Units 4-5 cover probability theory and distributions — the mathematical foundation for statistical inference. Understanding random variables and sampling distributions is essential for hypothesis testing.
P(A) between 0 and 1. Complement: P(A\') = 1 − P(A). Addition: P(A or B) = P(A) + P(B) − P(A and B). Mutually exclusive: P(A and B) = 0. Multiplication: P(A and B) = P(A) × P(B|A). Independent: P(A and B) = P(A) × P(B), and P(B|A) = P(B). Conditional: P(A|B) = P(A and B)/P(B). Tree diagrams and two-way tables for organisation.
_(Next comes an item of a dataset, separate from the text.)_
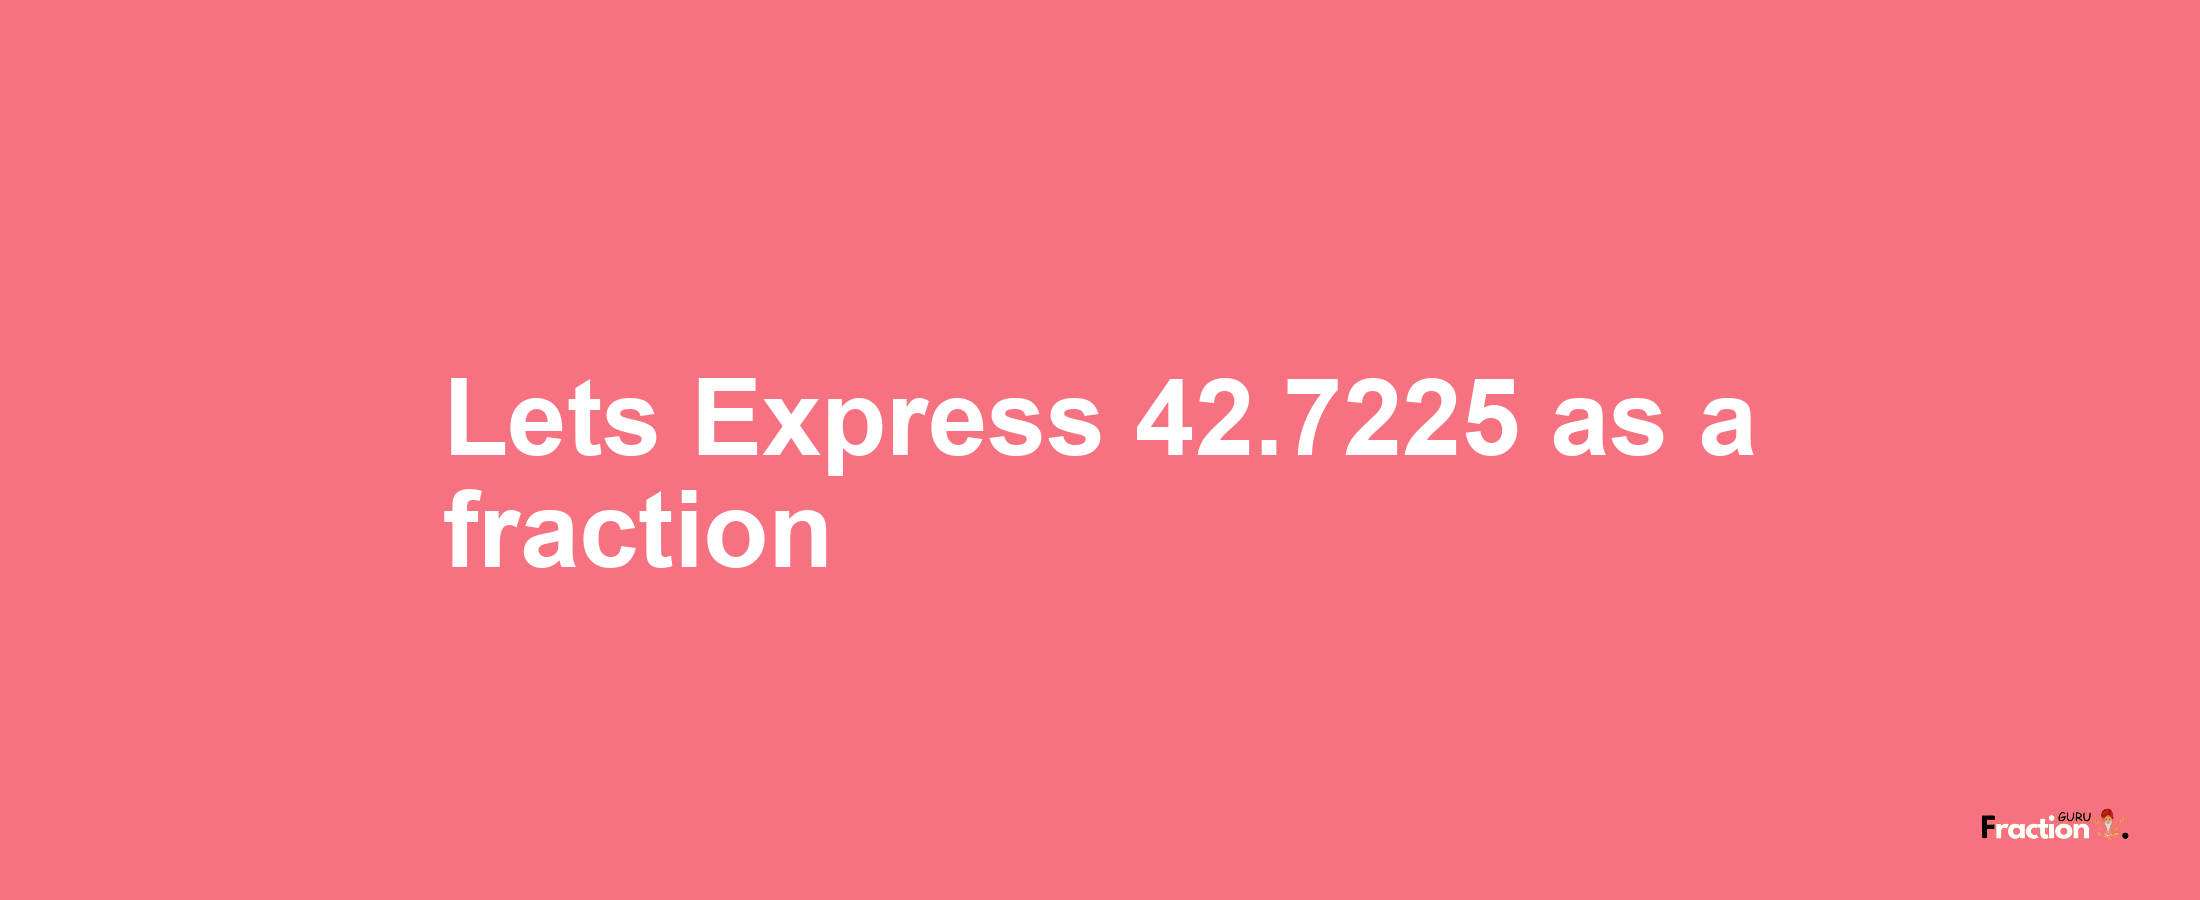 Lets Express 42.7225 as afraction

Discrete random variable: list all outcomes and probabilities. Mean μ = Σ x·P(x). Variance σ² = Σ (x−μ)²·P(x). Binomial: X ~ B(n,p), fixed n trials, two outcomes, constant p, independent. P(X=k) = C(n,k)p^k(1-p)^(n-k). μ = np, σ = √(np(1-p)). Geometric: number of trials until first success. P(X=k) = (1-p)^(k-1)·p. μ = 1/p. Combining: μ(X+Y) = μX + μY. Var(X+Y) = Var(X) + Var(Y) if independent.
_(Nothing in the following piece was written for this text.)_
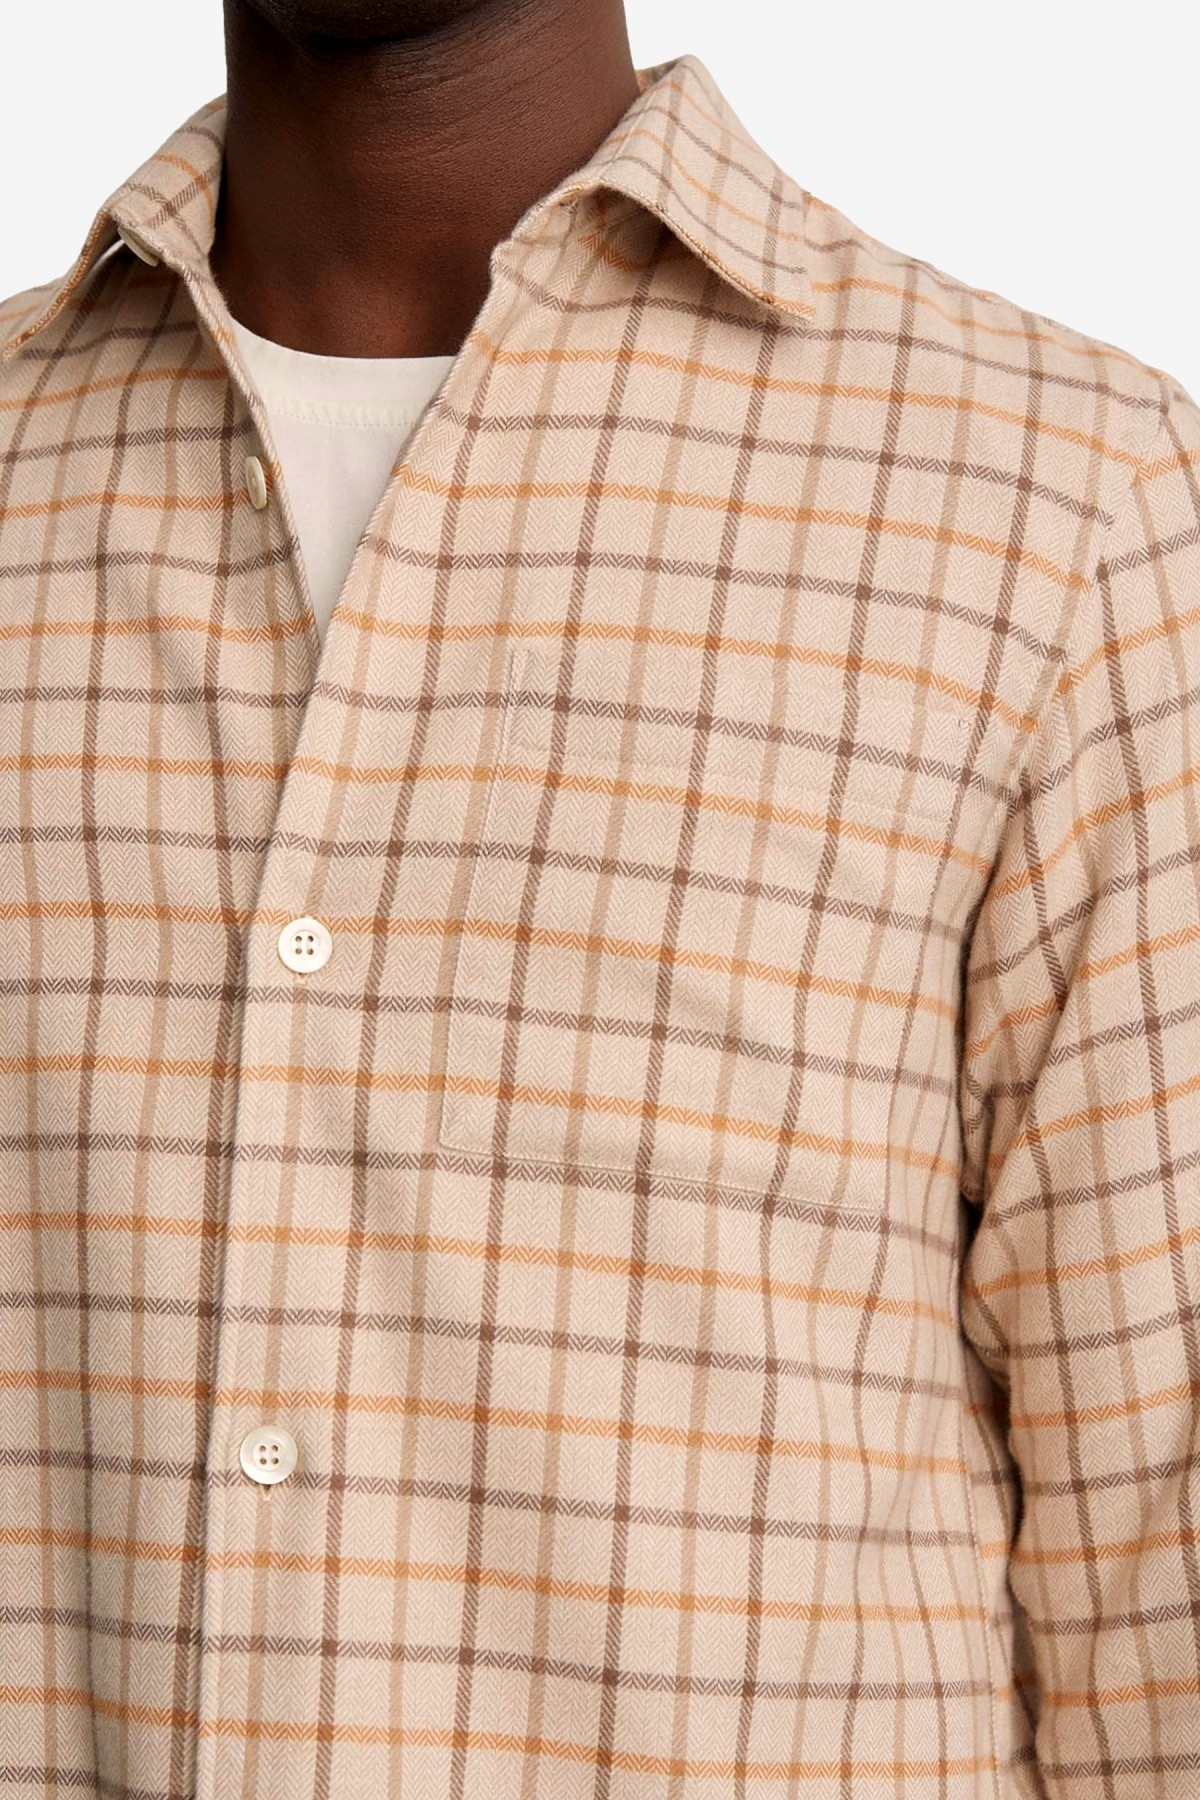 Another Aspect Another Shirt 4.0 in Light Beige Stripe

Sampling distribution: distribution of a statistic over all possible samples. CLT (Central Limit Theorem): for large n (≥30), sampling distribution of x̄ is approximately normal: N(μ, σ/√n). Sampling distribution of p̂: approximately N(p, √(p(1-p)/n)) when np ≥ 10 and n(1-p) ≥ 10. Larger samples → less variability.
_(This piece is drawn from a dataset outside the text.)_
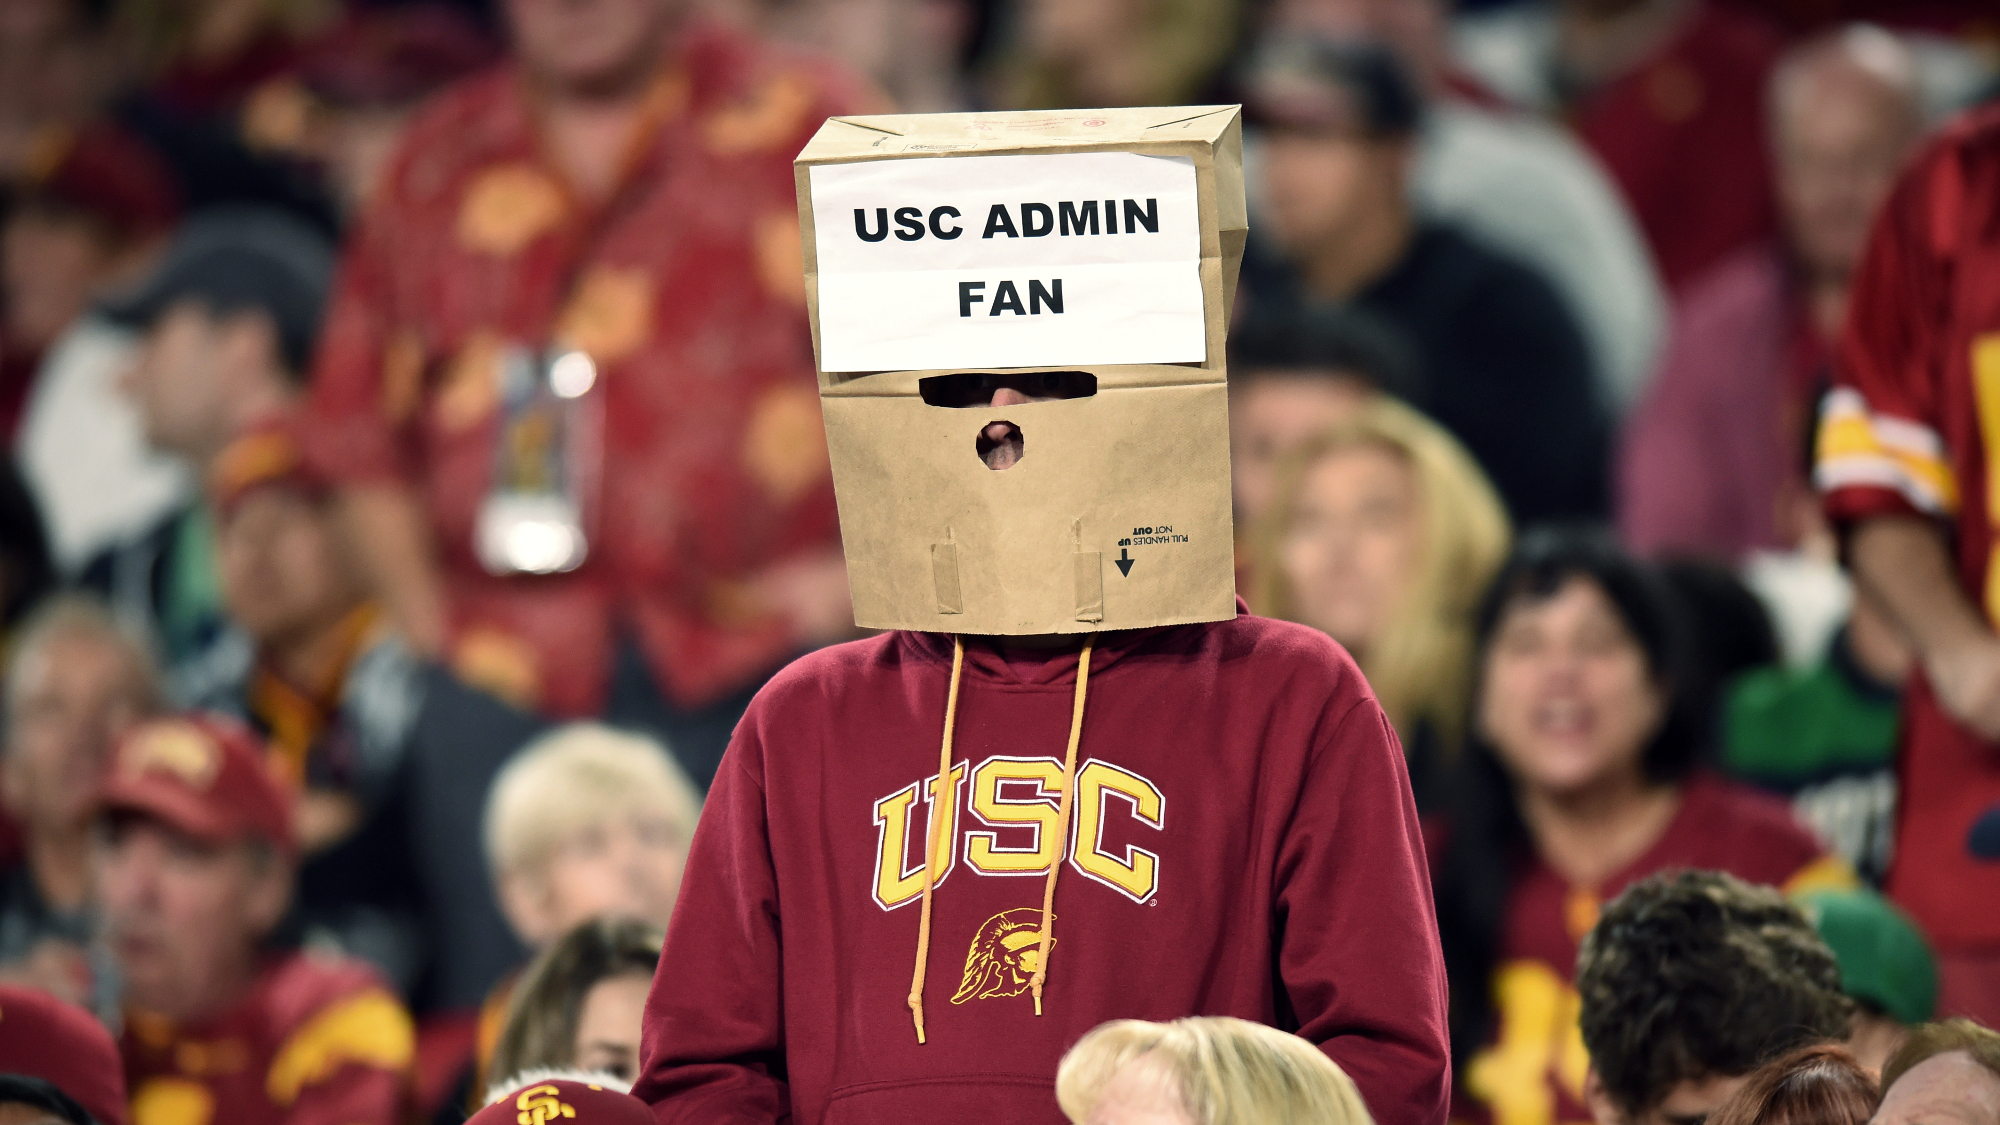 USC criticized for canceling promotion speech

The CLT states that regardless of the shape of the population distribution, the sampling distribution of the sample mean (x̄) approaches a normal distribution as the sample size n increases. Specifically: x̄ ~ N(μ, σ/√n) for large n (typically n ≥ 30). This is why the normal distribution is so important in statistics — it allows us to make inferences about population parameters even when the population is not normal. For proportions: p̂ ~ N(p, √(p(1-p)/n)) when both np and n(1-p) ≥ 10.